Secretary of state Amber Rudd is on the defensive after an influential business lobby criticised government energy policy. We look at the facts
By Megan Darby
The UK’s energy and climate change chief is rattled. It’s one thing when solar panel installers are getting laid off, another when big business is questioning your leadership.
So it was when the Confederation of British Industry published an open letter on Tuesday, signed by the likes of Tata Steel.
The language was restrained, the criticism veiled. “Building on the ambition of the recent Paris Agreement, much more of our energy will come from renewable and other lower-carbon sources,” they wrote. “To unlock investment, we need a clear long-term framework.”
But after months of green cutbacks and policy U-turns, the subtext was clear: Get your act together, or we’ll take our money elsewhere.
Amber Rudd came out fighting, with a list of ten ways the government was securing investment in “clean, secure energy”.
Let’s see how they stand up to scrutiny.
Claim 1: Committed to the first new nuclear plant for a generation at Hinkley Point C. It will power 6 million homes for 60 years and also provide 25,000 jobs giving the UK economy a huge boost.
Would that be the same nuclear plant that has just been delayed for the umpteenth time? The Conservatives and their Liberal Democrat former coalition partners bent over backwards to get a new nuclear fleet without state funding. British state funding, that is. Instead they struck a generous subsidy deal with the French state-owned EDF and pussy-footed around human rights concerns to court Chinese investment. Still EDF is struggling to find the cash.
To be fair, unlike for many other technologies, a lack of government commitment is not the problem here. On the contrary, its unseemly eagerness to lumber consumers with the £18 billion price tag has won the project enemies as diverse as former Cabinet secretary Lord Turnbull and green firebrand commentator George Monbiot.
Claim 2: Boosting innovation funding to over £500m, including £250m for nuclear innovation and Small Modular Reactors.
Ah yes, small modular reactors, the solution to all our energy problems, maybe. Beloved by those who hate wind turbines, they promise to generate vastly more power without interrupting the view. The modular part potentially means mass production and efficiencies of scale. But it will take all that money and more to get to there. Their commercial viability “remains unclear”, lawmakers concluded after an inquiry in 2014.

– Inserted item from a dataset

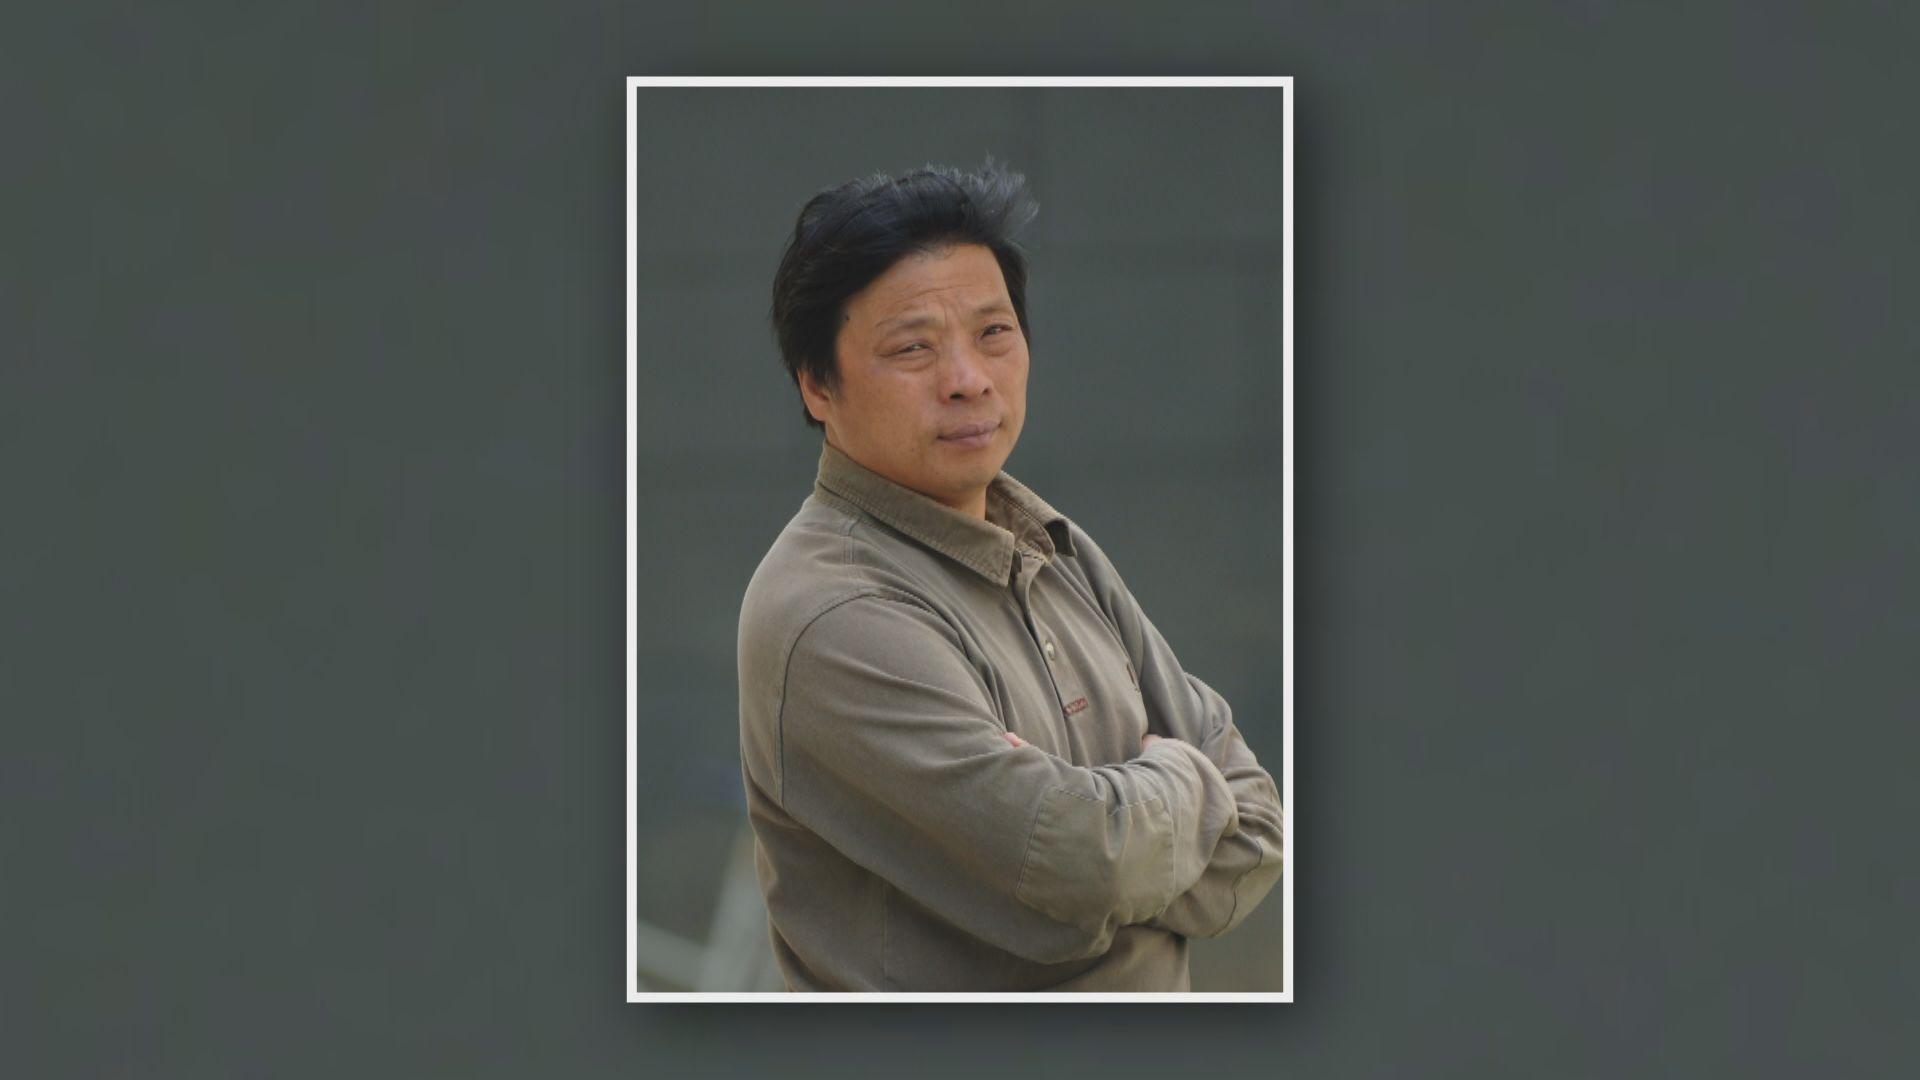 消息指內地攝影師盧廣被國保帶走

Claim 3: Confirmed we could support up to 10GW of new offshore wind projects in the 2020s, with a further three auctions in this Parliament if the Government’s conditions on cost reduction are met.
This is the part that shows the hollowness of Conservative claims to be motivated by cutting consumer bills. They are supporting offshore wind, which at £120/MWh is nearly twice the cost of onshore wind generation. The latter has been choked off by subsidy cuts and planning constraints for political reasons. Both are ultimately needed to meet the UK’s carbon targets.
Claim 4: Set out world leading plans to close all unabated coal-fired power stations by 2025 if we’re confident that the shift to new gas can be achieved within the necessary timescales.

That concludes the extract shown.